Приходилось, скажу я, всячески изощряться, чтобы не выпускать управление фронтов из своих рук, что могло быть достигнуто главным образом сосредоточением войск в нужное время в нужном направлении. часто с этой целью, отзывались наиболее потрепанные полки в глубокий тыл. Там они переформировывались и пополнялись казаками из разных станиц. Затем некоторое время обучались, сводились иногда в высшие соединения и только после того, направлялись на тот участок, где была задумана наступательная операция. Все это, конечно, было сопряжено с большими затруднениями, не говоря уже об огромной потери времени.
Нередко, по ходу военных действий, настоятельно требовалось из стратегических соображений пожертвовать временно частью территории Донской Области и 2–3 десятками казачьих станиц, чтобы, сосредоточив нужные силы войск добиться решительного успеха на каком-либо одном направлении главного удара, а затем вернуть все потерянное, нанеся противнику разгромное поражение и надолго лишив его боеспособности. За такой способ действий, казалось бы, говорила и теория военного искусства и здравый рассудок, но, к сожалению, применить его при нынешней психологии казачества было делом совершенно немыслимым. Подобная операция привела бы к массовому оставлению своих частей казаками, как тех станиц, которые уже были заняты красными, так и тех, которым непосредственно угрожала красная опасность. Кроме того, могли быть и другие последствия, как-то: неисполнение приказов, бунты, насилие над командным составом и тому подобное
И казачество в целом и выразитель его воли — Круг, не допускали и тени мысли, чтобы не только часть территории, но даже одна единственная казачья станица находилась, хотя бы и временно под владычеством красных. Надо было считаться и с тем, что неуспех сильно ожесточил большевиков. Занятие ими казачьих поселений обычно сопровождалось невероятными запредельными жестокостями и почти полным уничтожением казачьего имущества.
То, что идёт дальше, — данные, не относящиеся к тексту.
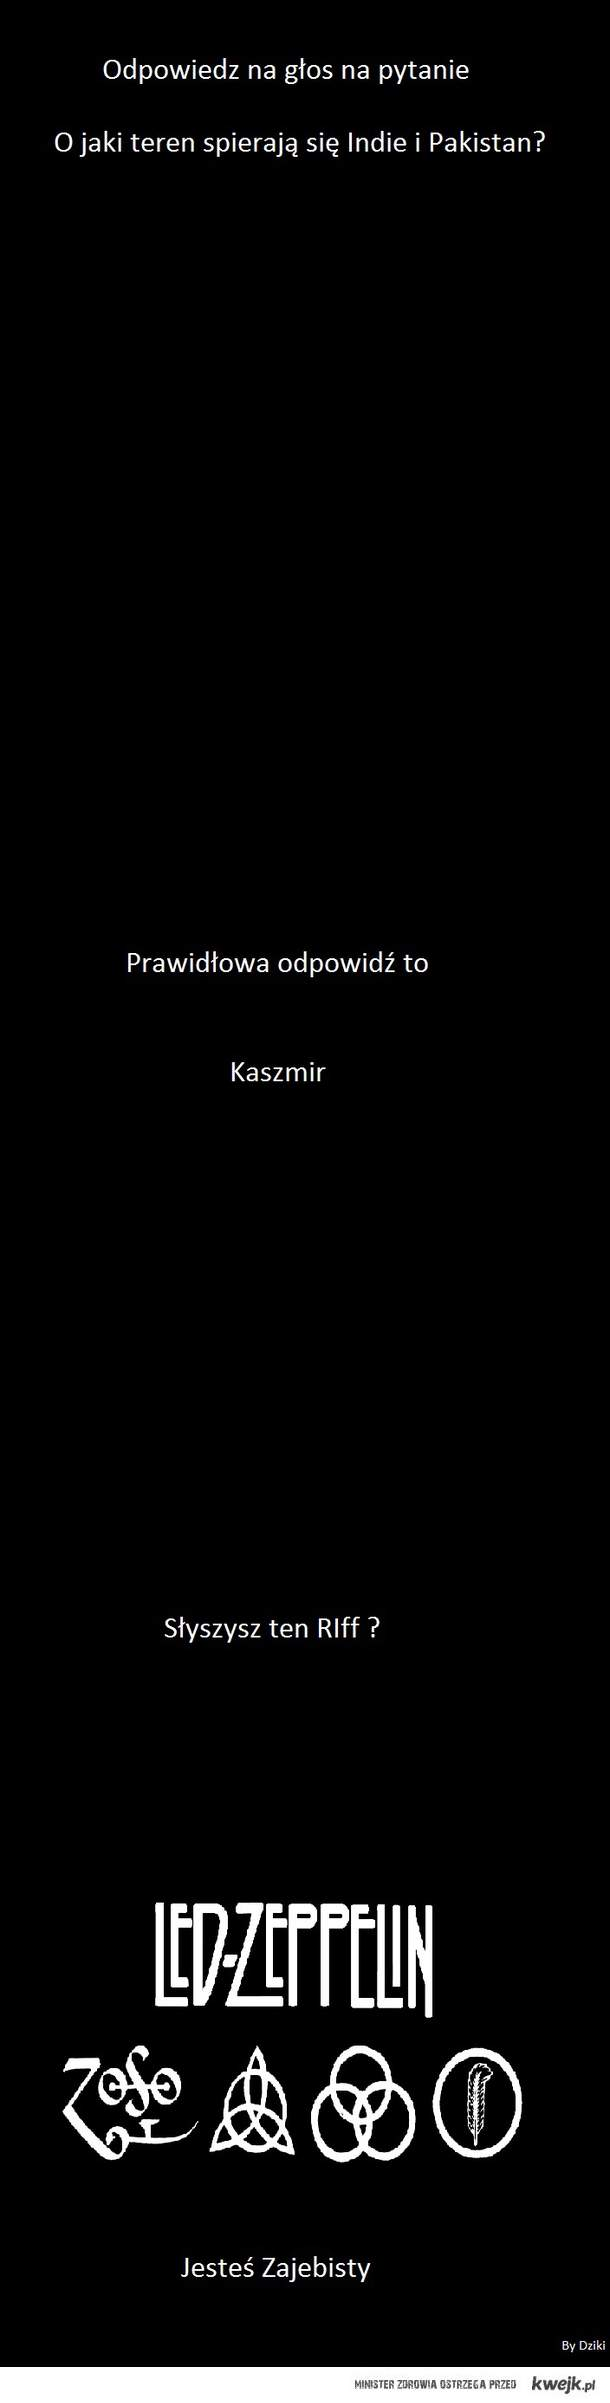 Quiz Muzyczno-Historyczny

В силу этих условий, на Донское командование выпадала крайне тяжелая задача: оберегать всю 850 километровую границу Войска Донского от вторжения противника, применяя кордонную стратегию.
При крайне ограниченном количестве войск это в сущности было почти не выполнимо. На одну версту (немного более километра) фронта приходилось всего примерно 5–6 бойцов, что было достаточно лишь для охраны и наблюдения границы, но отнюдь не для защиты. Использовать в нужной мере стратегическое сосредоточение войск, по причинам указанным выше, было почти невозможно. Успехи покупались, главным образом, местными тактическими маневрами войск при известных коррективах высшего Донского командования, вводимых им всеми правдами и неправдами.
Командование Донскими армиями не витало в области отвлеченных понятий, быть может с точки зрения чистого военного искусства и совершенно правильных, но жизнью неприемлемых. Ему приходилось применяться к особенностям борьбы казачества с большевиками, считаться с психологией казачьей массы, используя только наличные возможности и средства и постепенно, насколько позволяли обстоятельства, совершенствовать приемы борьбы и одновременно работать над изменением казачьего сознания. Короче, все было так, как во время любой кампании, какую мне тут доводилось видеть.
Работать при таких условиях мне было крайне тяжело, а между тем военная обстановка была такова, что как раз требовала полного напряжения сил. Работал я не то, что на износ, а давно уже за гранью этого понятия. Личной жизни у меня вообще не было. Если раньше я уделял работе 14–16 часов, то начиная с октября месяца, она отнимала у меня 18–20 часов в сутки, а иногда и больше. Приходилось проводить бессонные ночи, решая сложные, ответственные вопросы по перегруппировке и сосредоточению сил, отдавать многочисленные приказы и приказания, вести длинные переговоры по телефону и телеграфу. Организм начинал отказываться работать в подобном режиме. Как сон — так бред, как явь — так хуже любого бреда. Так и до инфаркта недалеко!
Таким образом прошло три недели с небольшим и закончился октябрь. Я пытался жонглировать вверенными войсками в той мере в какой это было в моих силах, в какой-то мере мне это удавалось. В эти суровые дни, я внезапно повстречал еще одного своего старого знакомого по Киеву и Лубнам, казака с крысиной физиономией.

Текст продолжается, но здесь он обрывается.